MergerMay 13, 2026, 04:46 PM
Live Oak Acquisition Corp. V Amends Merger Agreement with Teamshares
AI Summary
Live Oak Acquisition Corp. V and Teamshares Inc. entered into a Second Amendment to their Merger Agreement on May 13, 2026. This amendment incorporates Teamshares' offer to certain preferred stockholders to elect "liquidation preference" treatment, allowing their shares to convert into common stock based on original issue price plus dividends, instead of the standard Company Preferred Stock Exchange. The amendment also clarifies the mechanics of these conversions and adds associated definitions, without materially altering the economic terms or overall structure of the Business Combination.
Key Highlights
- Incorporates Teamshares' offer for "liquidation preference" treatment for certain preferred stockholders.

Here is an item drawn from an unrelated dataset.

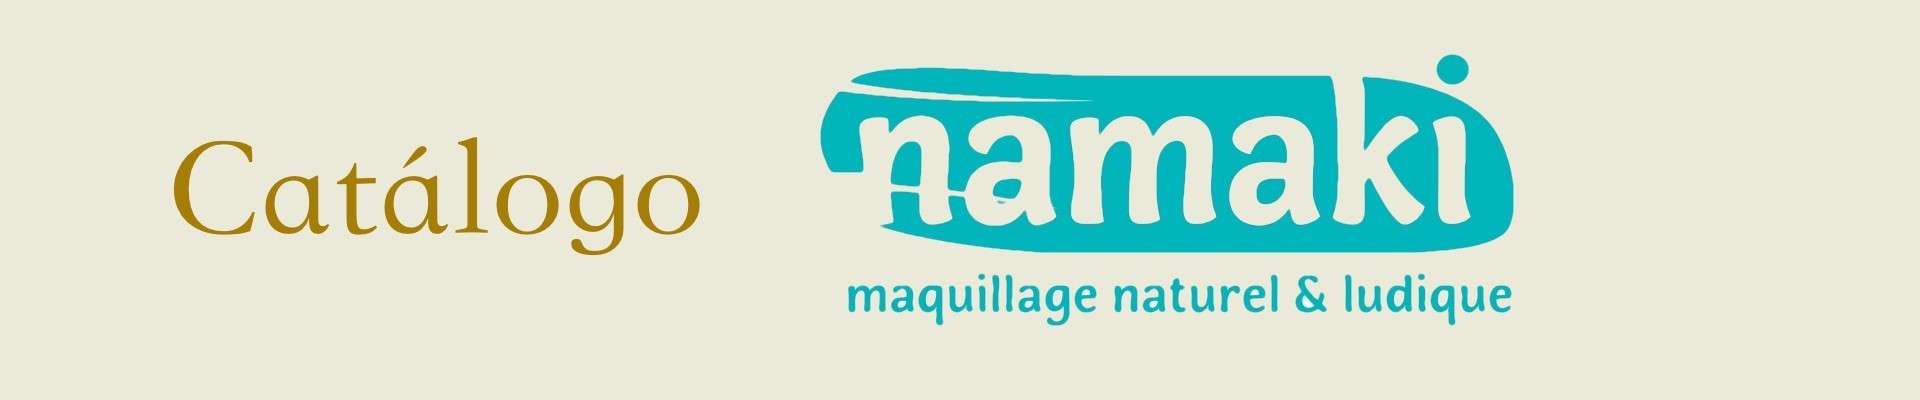 Comprar juguetes educativos para niños de la marca Namaki | Veobio

- Clarifies that Liquidation Preference Elections will be effectuated before the Company Preferred Stock Exchange.
- Adds new terms and definitions related to Liquidation Preference Elections to the agreement.
- Corrects scrivener's errors in Section 6.3(e) of the Original Merger Agreement.
- Amends definitions of "Liquidation Preference Election" and "Liquidation Preference Electing Holders".
- Inserts definitions for "Eligible Preferred Holders", "Eligible Preferred Shares", and "Election and Waiver Agreement".